● Work required
Images should be omitted while the rest of the data is duplicated exactly.

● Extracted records
-------------------------

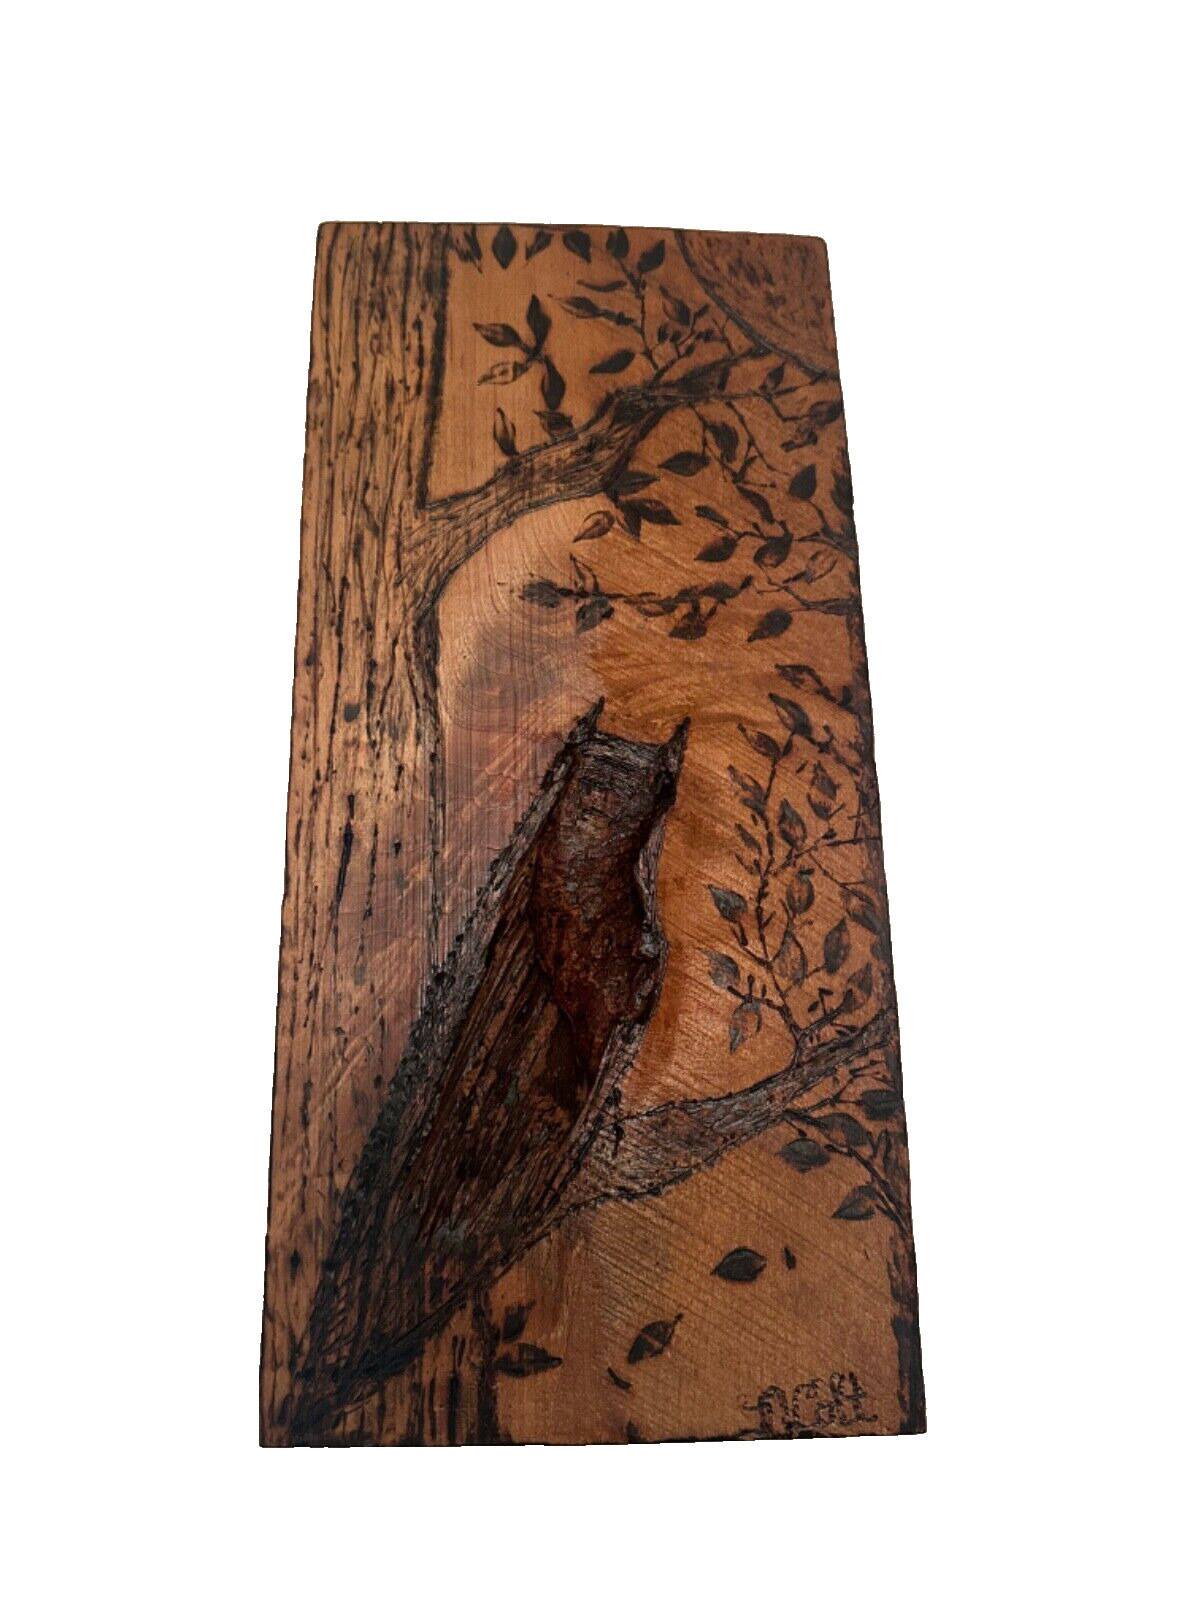 Vtg Folk Art Hand Carved Wood OWL NATURE Panel Mural Wall Plaque
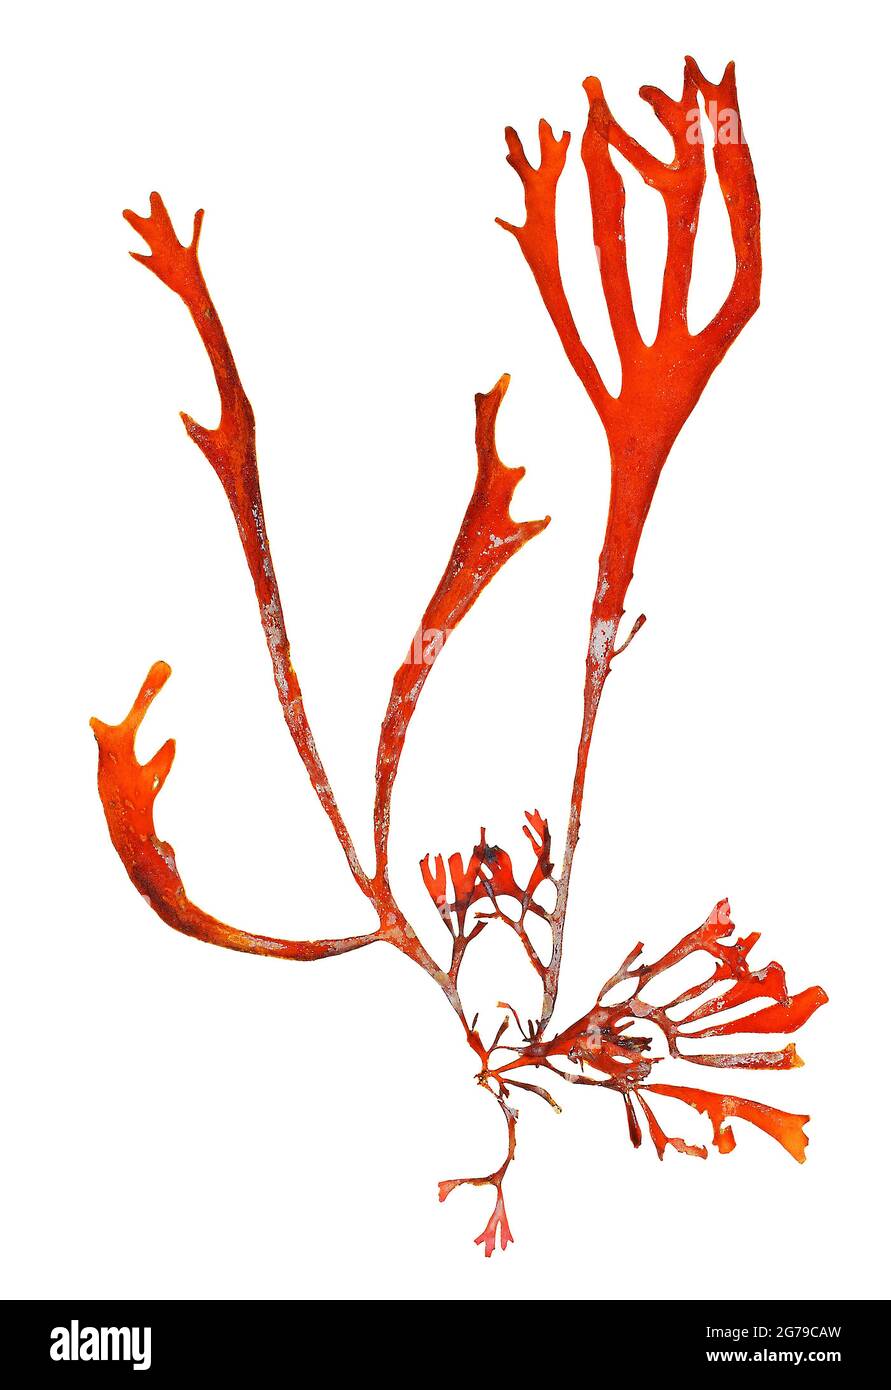 Gracilaria red alga hi-res stock photography and images - Alamy
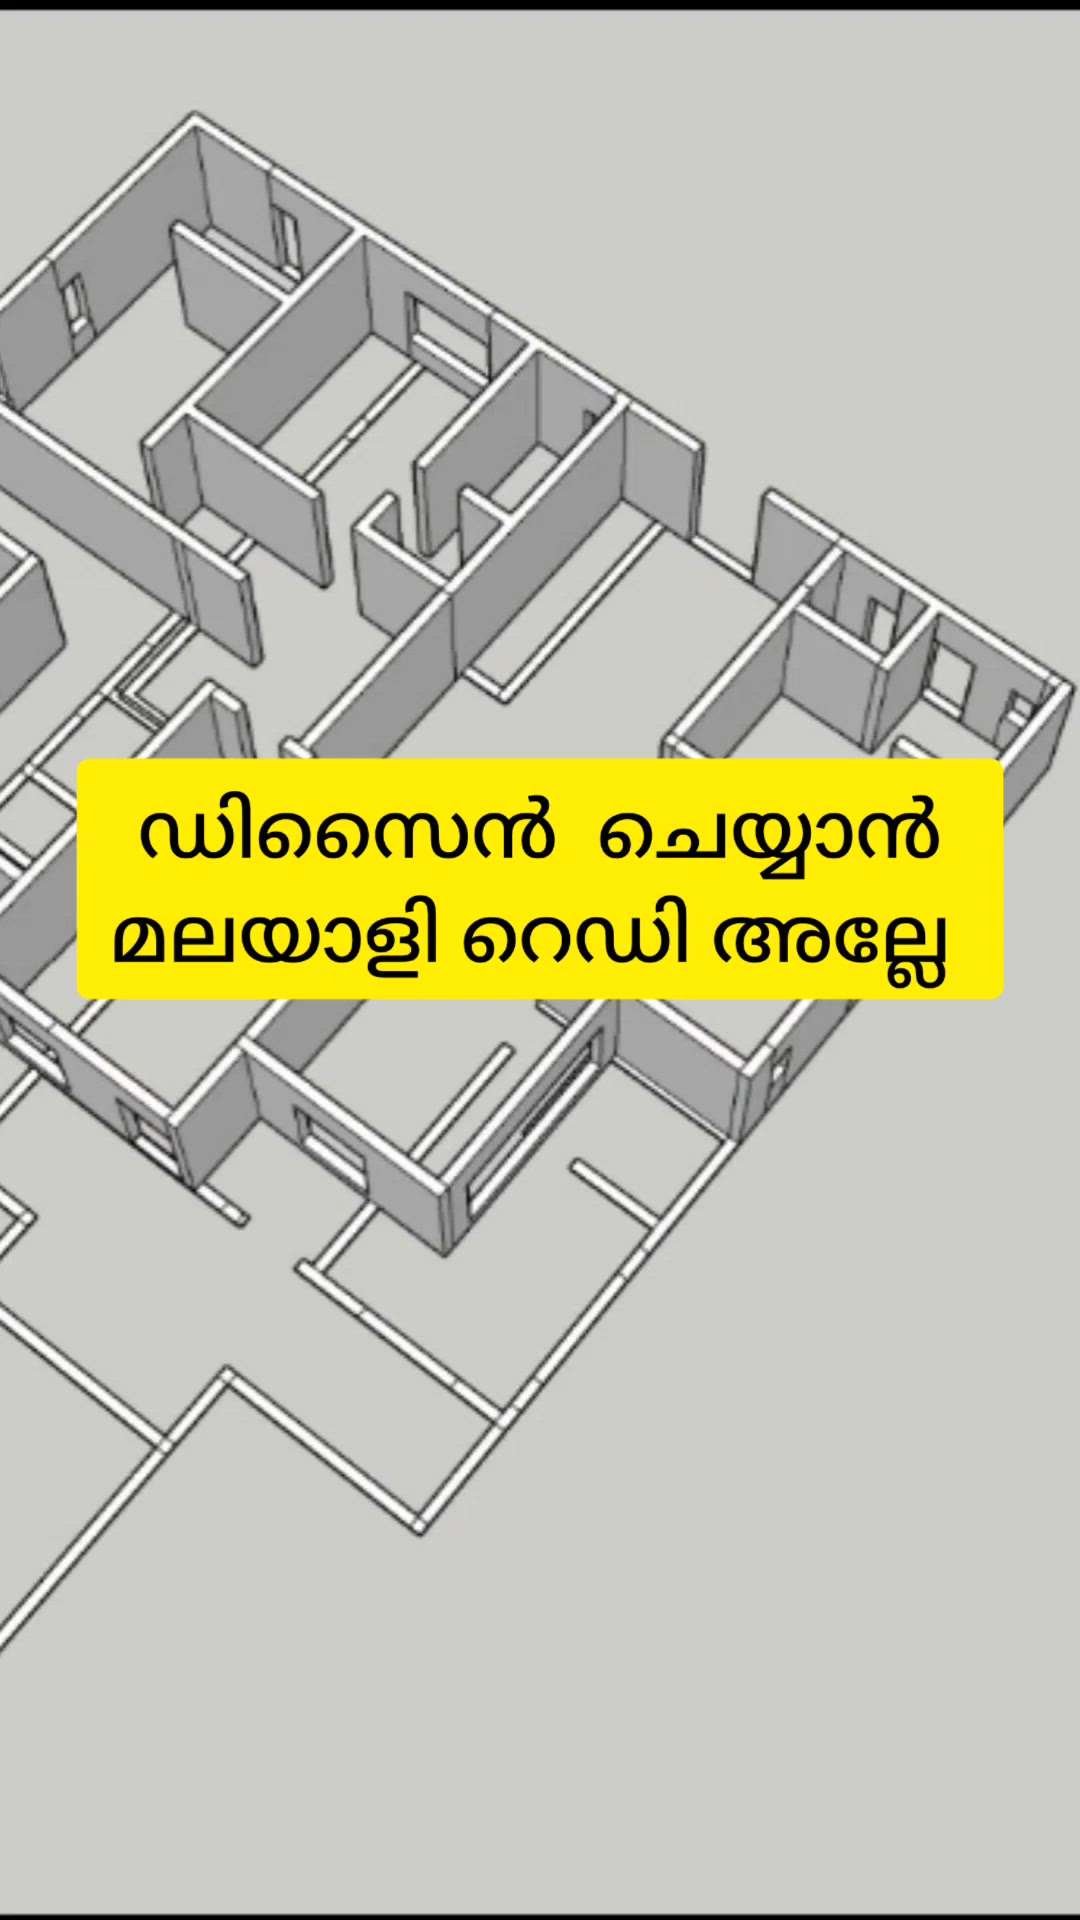 #creatorsofkolo #2ddrawings #3dmodels #architecturaldrawings #constructionplans #floorplans
#3ddesigns #modernhouse #trending  #HouseConstruction #relevance #procedure  #Kerala 
3d &2d പ്ലാൻസ് എന്നാൽ എന്താണ്, എന്ത് കൊണ്ട് 3d designs ഉണ്ടാക്കാൻ മലയാളി മടിക്കുന്നു

-------------------------

● Problem solution
 Vtg Folk Art Hand Carved Wood OWL NATURE Panel Mural Wall Plaque
 Gracilaria red alga hi-res stock photography and images - Alamy
 #creatorsofkolo #2ddrawings #3dmodels #architecturaldrawings #constructionplans #floorplans
#3ddesigns #modernhouse #trending  #HouseConstruction #relevance #procedure  #Kerala 
3d &2d പ്ലാൻസ് എന്നാൽ എന്താണ്, എന്ത് കൊണ്ട് 3d designs ഉണ്ടാക്കാൻ മലയാളി മടിക്കുന്നു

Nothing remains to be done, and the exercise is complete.